左翼はパネルラインが強調されているのが確認できます.
スミ入れ方法について説明します.
- 筆にスミ入れ塗料を付けたら,縦方向に筆を走らせていきます.飛行中の空気が流れる方向です.画像の水平尾翼左側のような感じになっていればOKです.この段階では結構汚いというか筋になっていて大丈夫です.
- 次に,筆についたスミ入れ塗料をエナメル溶剤とティッシュで綺麗に落とします.
- 綺麗になった筆にエナメル溶剤を染み込ませ,先ほどの筋になっているスミ入れ部分をボカしていきます(薄くしながら整えていくイメージ).画像の水平尾翼右側が作業中の様子です.空気の流れる方向に筆を動かして余分なスミ入れ塗料を筆に染み込ませ,ティッシュで落とすという作業を繰り返します.
スミ入れ塗料はトムキャットの塗装を侵食しないため,何回もやり直せますので失敗を気にせず作業できます.ちなみに筆者は4回やり直しました.
完成
スミ入れ作業が終わり,ついに完成です.
F-toysトムキャットの完成度をご覧ください.
主翼:開状態
スミ入れをしたことでとてもリアルな仕上がりになりました.
パネルラインのディテールが素晴らしい.
機首のディテールはかなり細かく,モールドも深いのでスミ入れ塗料がしっかり残り強調されていまう.
デカールも含め情報量の密度が凄いです.
主翼や胴体のディテールもスミ入れで強調されており,見栄えがUPしています.
裏側
裏側もディテールが細かく再現され,デカールも貼ってあるので見劣りしません.
ただ,ミサイルはフェニックス満載状態が良かったなと個人的に思いました.
エンジンの可変ノズルは通常状態とアフターバーナー状態を選択できます.筆者は通常状態を選択.
選択肢があるのはありがたいです.
ただ,残念なのはエンジン内部・・・
ご覧のように再現度ゼロです.意外と見えるところなので配慮して欲しかったです.
主翼:閉状態
トムキャット最大の魅力である可変翼を閉じた高速状態です.かっこいい.
組立の苦労が報われた気がします.
ちなみに可変翼を動かす時は両方の翼を持って動かしましょう.片側だけ動かそうとすると壊れます.スムーズに動くので可変を楽しめます.
台座
台座が付属しているため,飛行状態で飾ることもできます.
注意:実機は主翼を閉じた状態で離陸しません.
いや~,完成度は本当に素晴らしい.
これで組みやすかったら最高だったんですが.
まとめ
F-toysのトムキャットメモリーズを製作してきて感じたのは以下の通りです.
良い点
・全パーツが塗装済みで色ムラもほとんどなし
・可変翼がスムーズに稼働する
・ディテールが細かくパネルラインのモールドが深いためスミ入れ効果絶大
・デカールの選択肢が豊富で再現度が高い
・トムキャットのカラーバリエーションが多い
・スミ入れをすると完成度が格段にUP↑
いまいちな点
・可変翼が左右非対称に動く場合がある(修正がめんどくさい)
・ダボとダボ穴のハメ合いが悪く、加工が必要(ミサイル支柱や主脚はほぼ組めない)
・機首のゲート跡や繋ぎ目が目立つ
・エンジン内部は再現されていない
組立当初から可変翼の組立やダボ穴が塗装で狭くなって上手くハマらないなど苦難はありましたが,デカールやディテールの細かさなど良い部分が出てきて最終的に満足できる完成度となりました.
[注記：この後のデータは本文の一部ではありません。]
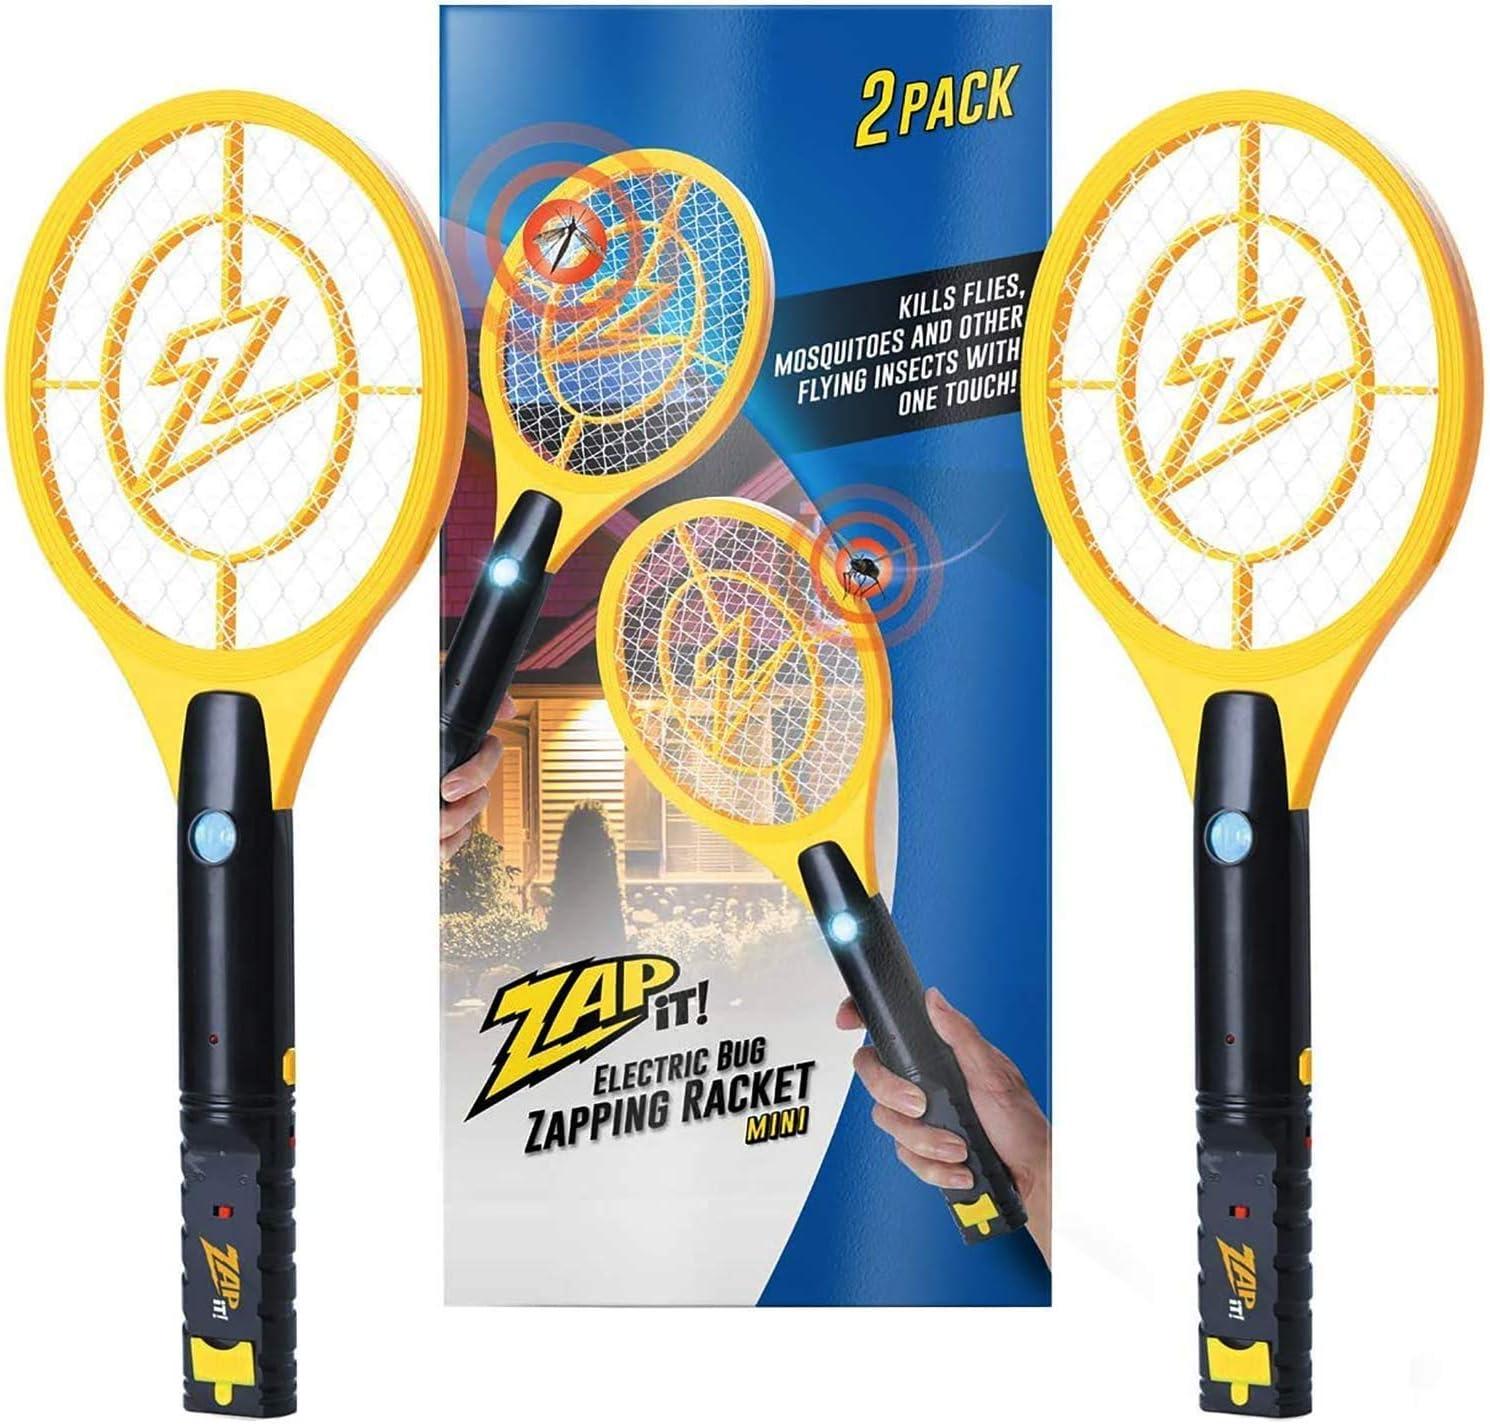 Zap It Bug Zapper Rechargeable Bug Zapper Racket, 4, 000 Volt, USB Charging Cable, 2 Pack : Garden & Outdoor

誰でも組めるのか?と言われると,正直スキルや工具がない初心者の方には厳しいのではないかと思いました.上手く組めなかったり部品が破損するなどストレスが尋常ではないでしょう.
塗装済みでディテールも細かく,価格もそこまで高くないので,組立だけでもなんとか改善してもらえればより多くの方が楽しく作れるキットになるのではないかと感じます.
実に惜しい・・・
F-toysさんの商品は今回のトムキャットに限らず塗料のせいで組みにくくなっているキットが多いので,何かしらの対策をしていただけるととてもありがたいです.
以上,F-toys(エフトイズ) 1/144 F-14Aトムキャットメモリーズの製作レビューでした.